The aggregate purchase price for the Shares repurchased in the tender offer and those repurchased from IFBF is expected to total $112,789,495, and the aggregate number of Shares repurchased in the tender offer and those repurchased from IFBF is expected to total 3,222,557. FBL Financial Group will fund the purchase of the Shares in the tender offer and the private repurchase using cash on hand.

The tender offer and the private repurchase are a part of FBL Financial Group’s $200 million stock repurchase authorization announced on October 7, 2011, and following such transactions, FBL Financial Group will have completed the repurchase of approximately $126.5 million of Shares. FBL Financial Group may in the future consider various forms of share repurchases, including open market purchases, tender offers and/or accelerated share repurchases. Under applicable securities laws, FBL Financial Group may not repurchase any additional Shares until after April 10, 2012.

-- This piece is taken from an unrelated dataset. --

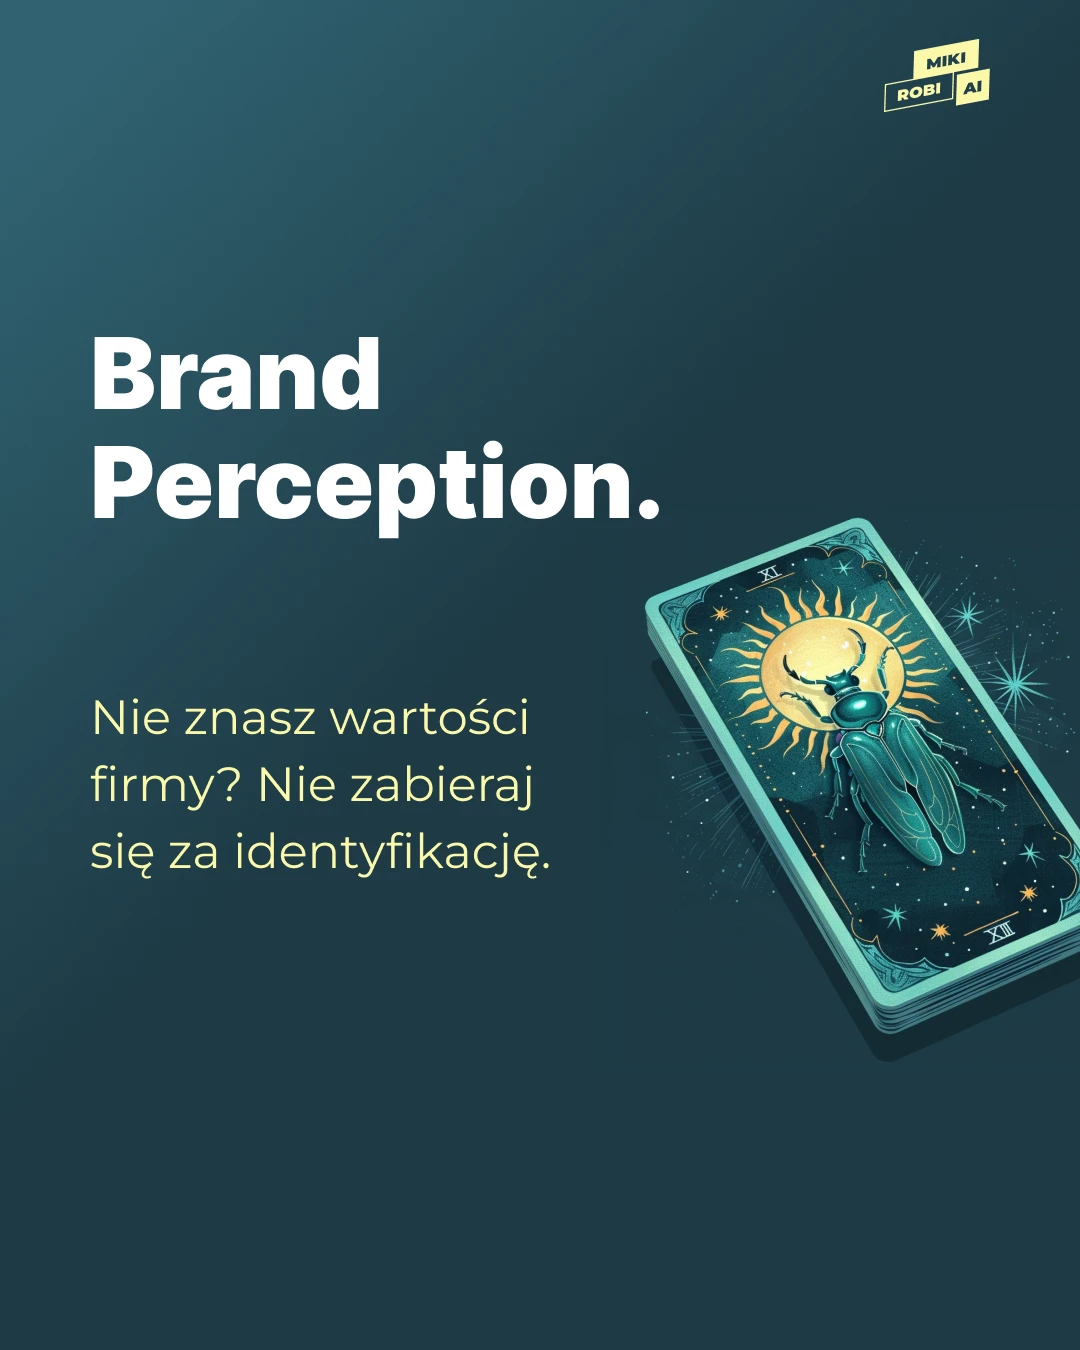 Brand Perception - Czyli jaki ma wydźwięk nasza marka

Raymond James & Associates, Inc. served as the dealer manager for the tender offer. Skadden, Arps, Slate, Meagher & Flom LLP provided legal counsel and Innisfree M&A Incorporated served as the information agent. Shareholders and investors who have questions or need information about the tender offer may call Innisfree M&A Incorporated at (877) 717-3922 (toll-free) and (212) 750-5833 (for banks and brokers).

About FBL Financial Group, Inc.

FBL Financial Group is a holding company whose primary operating subsidiary is Farm Bureau Life Insurance Company. FBL Financial Group underwrites, markets and distributes life insurance and annuities to individuals and small businesses. In addition, FBL Financial Group manages all aspects of two Farm Bureau affiliated property-casualty insurance companies for a management fee. For more information, please visit www.fblfinancial.com.

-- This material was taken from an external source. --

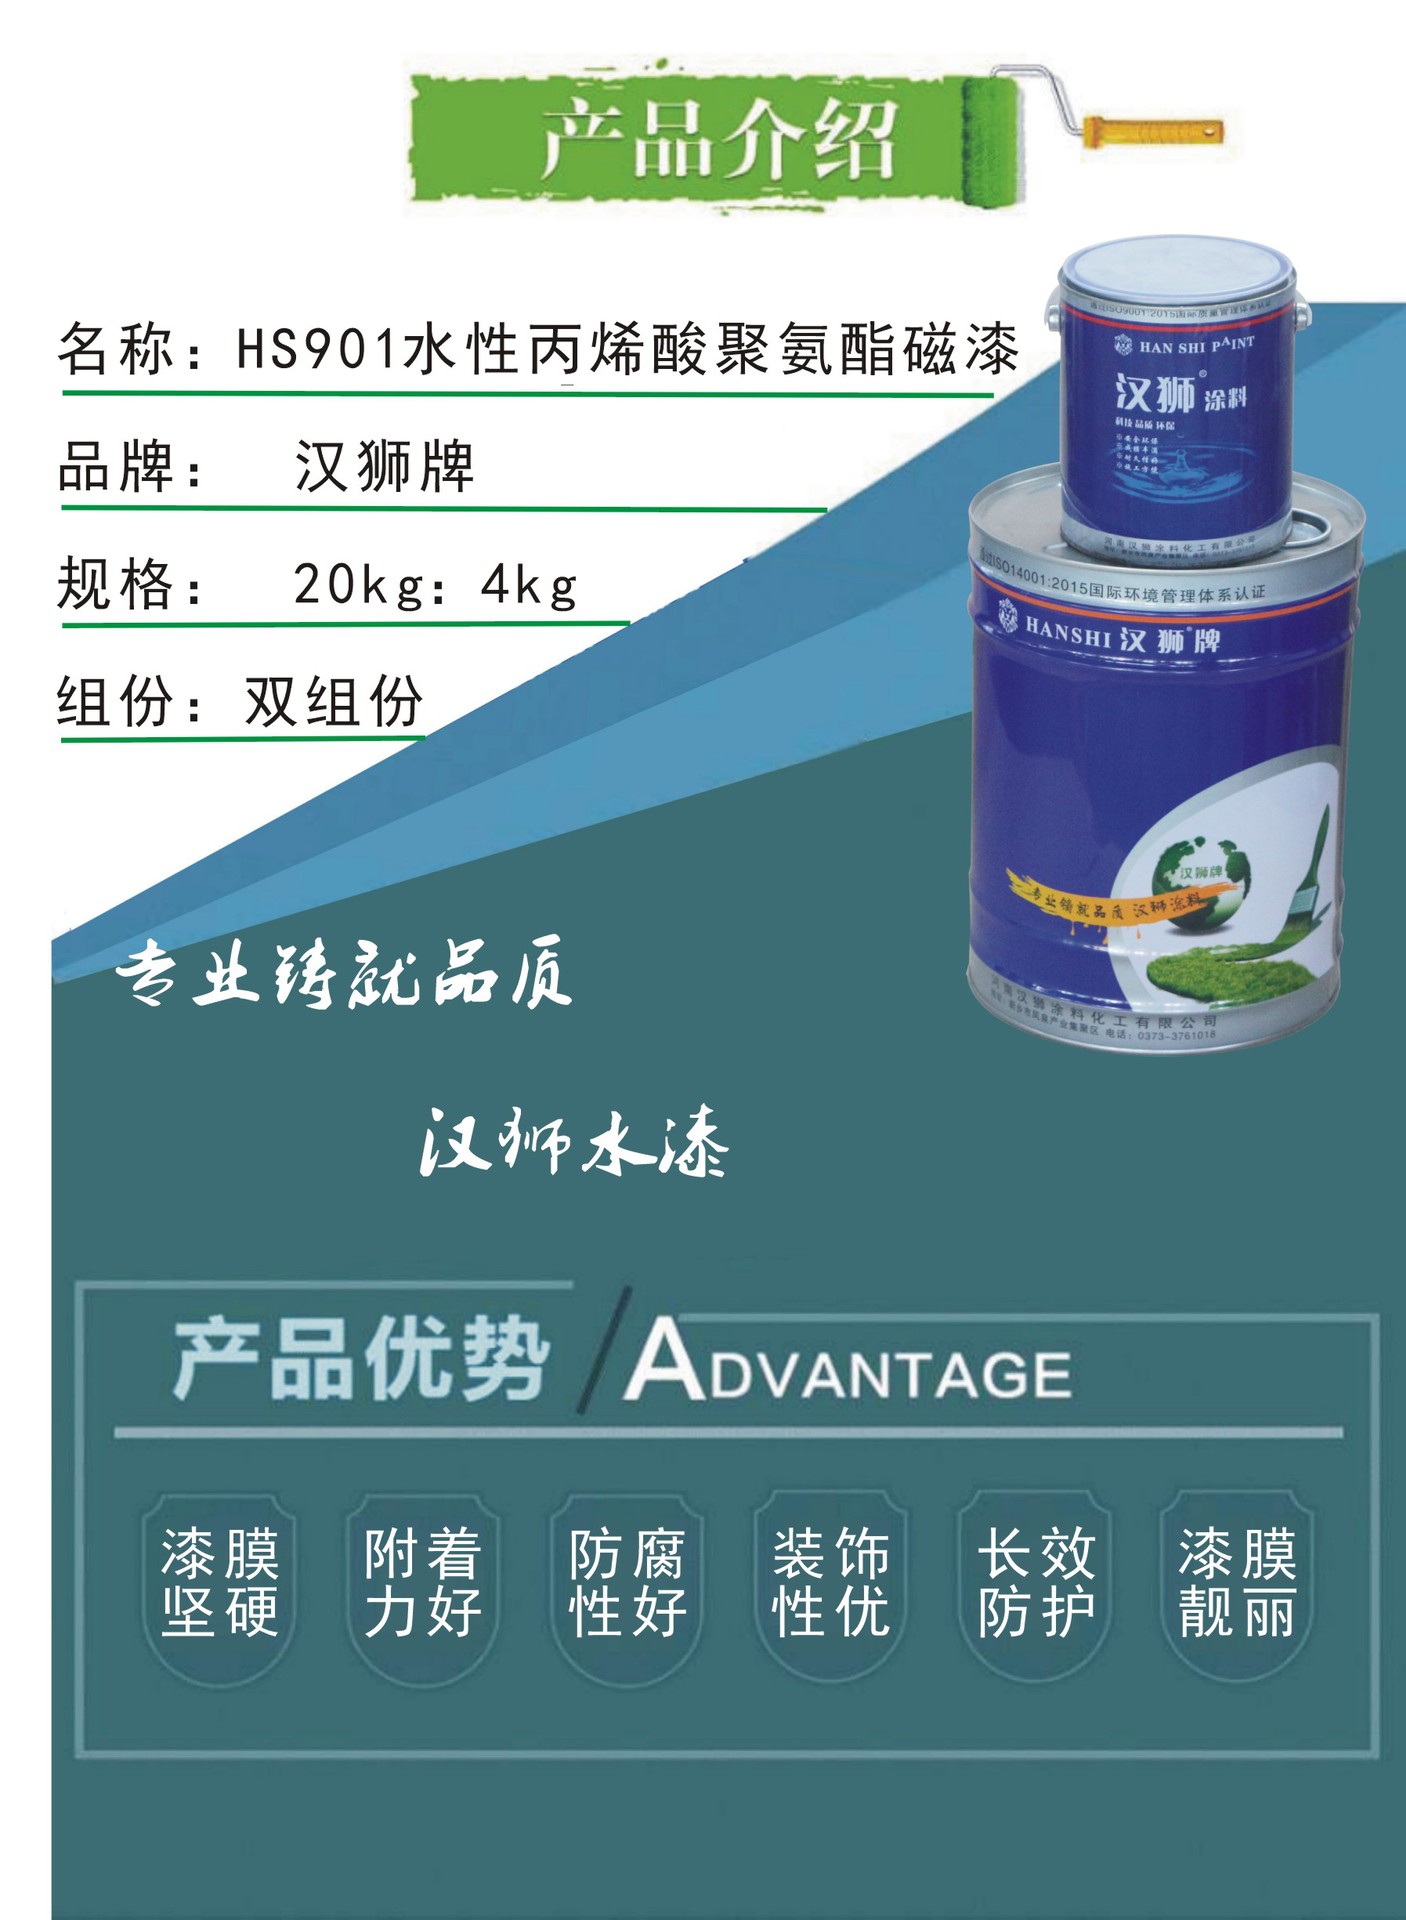 3-HS901水性丙烯酸聚氨酯磁漆-产品介绍

Cautionary Note Regarding Forward-Looking Statements

This news release may include forward-looking statements that reflect our current views with respect to future events and financial performance. Statements that include the words “expect,” “intend,” “plan,” “believe,” “project,” “anticipate,” “will,” “may” and similar statements of a future or forward-looking nature identify forward-looking statements. All forward-looking statements address matters that involve risks and uncertainties. Accordingly, there are or will be important factors that could cause actual results to differ materially from those indicated in such statements and, therefore, you should not place undue reliance on any such statements. These risks and uncertainties are detailed in FBL Financial Group’s reports filed with the Securities and Exchange Commission (the “SEC”) and include, but are not limited to, difficult conditions in financial markets and the economy, lack of liquidity and access to capital, investment valuations, interest rate changes, competitive factors, the ability to attract and retain sales agents, the ability to complete the tender offer, the fact that the number of Shares to be purchased is preliminary and the actual number of Shares purchased pursuant to the tender offer may differ from preliminary results, the ability to complete the private repurchase and the number of Shares purchased pursuant to the private repurchase, and the ability to achieve the benefits contemplated by the tender offer and the private repurchase, as well as management’s response to any of the aforementioned factors.

The foregoing review of important factors should not be construed as exhaustive and should be read in conjunction with the other cautionary statements that are included herein and elsewhere, including the Risk Factors included in our most recent report on Form 10-K and other documents on file with the SEC. These forward-looking statements are based on assumptions which FBL Financial Group believes to be reasonable; however, no assurance can be given that the assumptions will prove to be correct.